However, kernels are not limited to learning algorithms. As the dot product in the feature space, a kernel is a measurement of similarity, and defines the metrics of the feature space [18.6]; For example, we have the following kernel-based cosine and Euclidian distances in the feature space:

\begin{matrix} \cos [ϕ (x), ϕ (y)] & = \frac{k (x, y)}{\sqrt{k (x, x) \cdot k (y, y)}}, \end{matrix}

(18.11)

\begin{matrix} d [ϕ (x), ϕ (y)] & = \sqrt{k (x, x) + k (y, y) - 2 k (x, y)} . \end{matrix}

(18.12)

Therefore, in a more general sense, all distance-based algorithms can be kernelized [18.14]. Kernels can even be directly used for similarity search, e.g., nearest-neighbor search [18.15,16] and information retrieval [18.17,18,19].

Kernel Engineering and Applications in Bioinformatics

In many real-world problems, the input patterns are not given in the form of vectors but are nonvector, discrete structures, such as strings, trees, graphs, or objects in any form. Usually, these discrete structures are very difficult, if not impossible, to represent as vectors. Thus, vector-based algorithms cannot be directly applied to these structures. Even if these structures can be vectorized in some way, the essential information may be irretrievably lost, and therefore the discriminative power of algorithms may be greatly reduced.

The common kernels given in (18.9) require the input patterns to be vectors. However, in fact, in the definition of kernel functions the input space can be the set of any types of patterns or objectives, as long as the kernel can be represented as the dot product in some space.

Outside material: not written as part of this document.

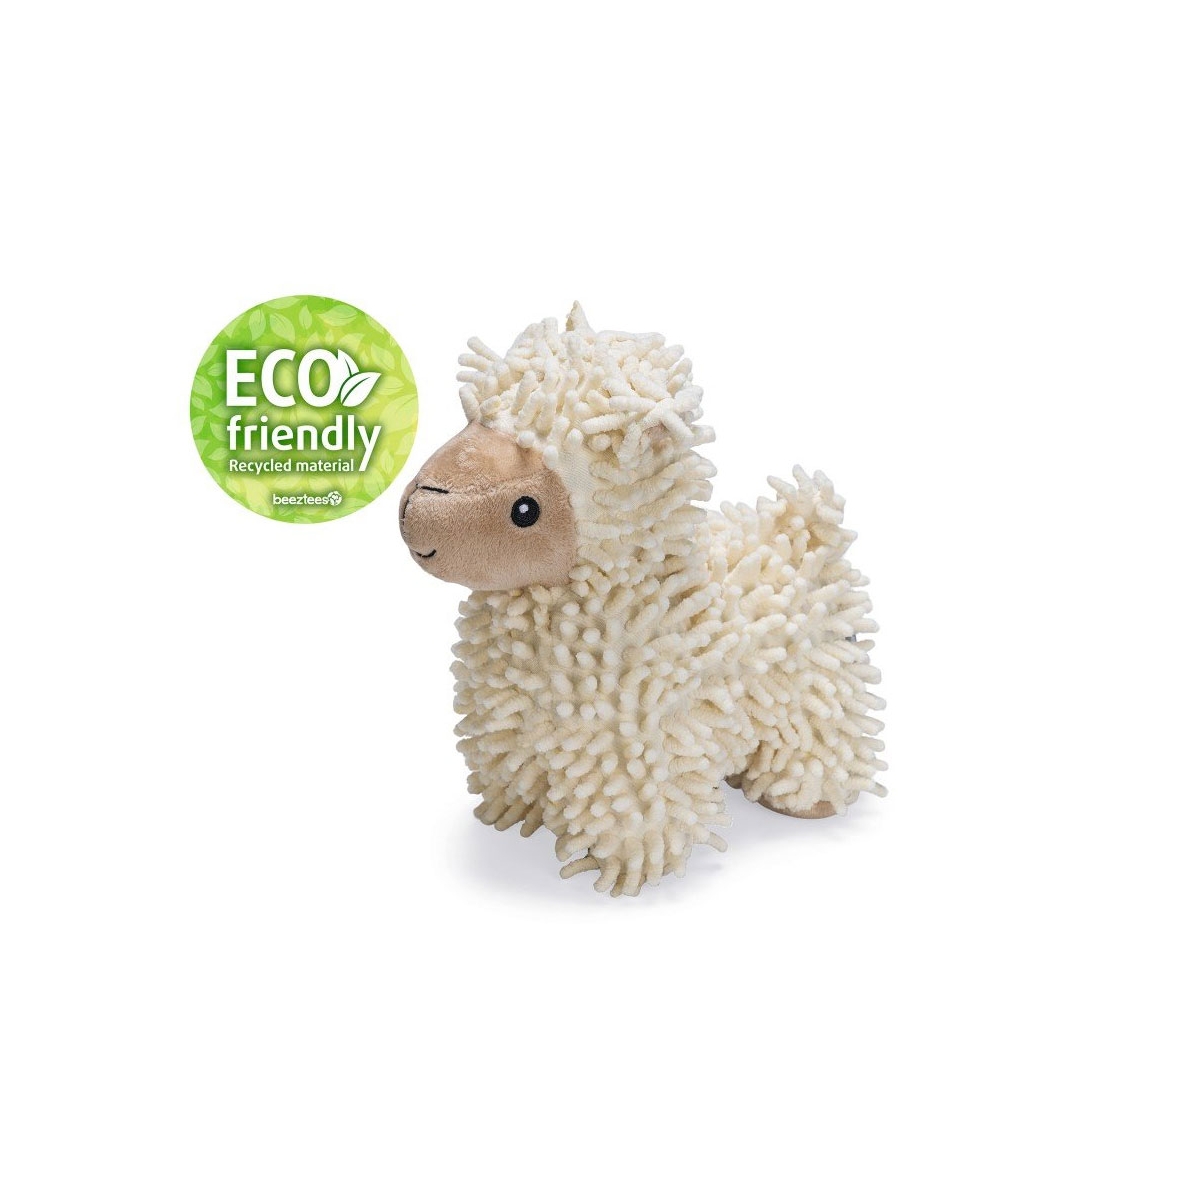 Beeztees Jovi Eco žaislas šunims avis, smėlio spalvos

If we can construct an appropriate kernel for the discrete structure of interest, all vector-based algorithms can be directly applied to the discrete structure by simply replacing the dot product with the kernel. In such cases, a kernel can be considered as a similarity measurement between input patterns [18.6].

A string kernel has been proposed for text classification, which implicitly maps strings into the feature space of all possible substrings [18.20]. Watkins showed that the conditionally symmetrically independent joint probability distributions can be written as dot products and therefore are valid kernels [18.21]. Haussler proposed a more general scheme for kernel engineering, named convolution kernels [18.22]. The Fisher kernel is a method for constructing kernels for classifiers using generative models [18.23]. Kondor and Lafierty proposed the diffusion kernels on graphs [18.24].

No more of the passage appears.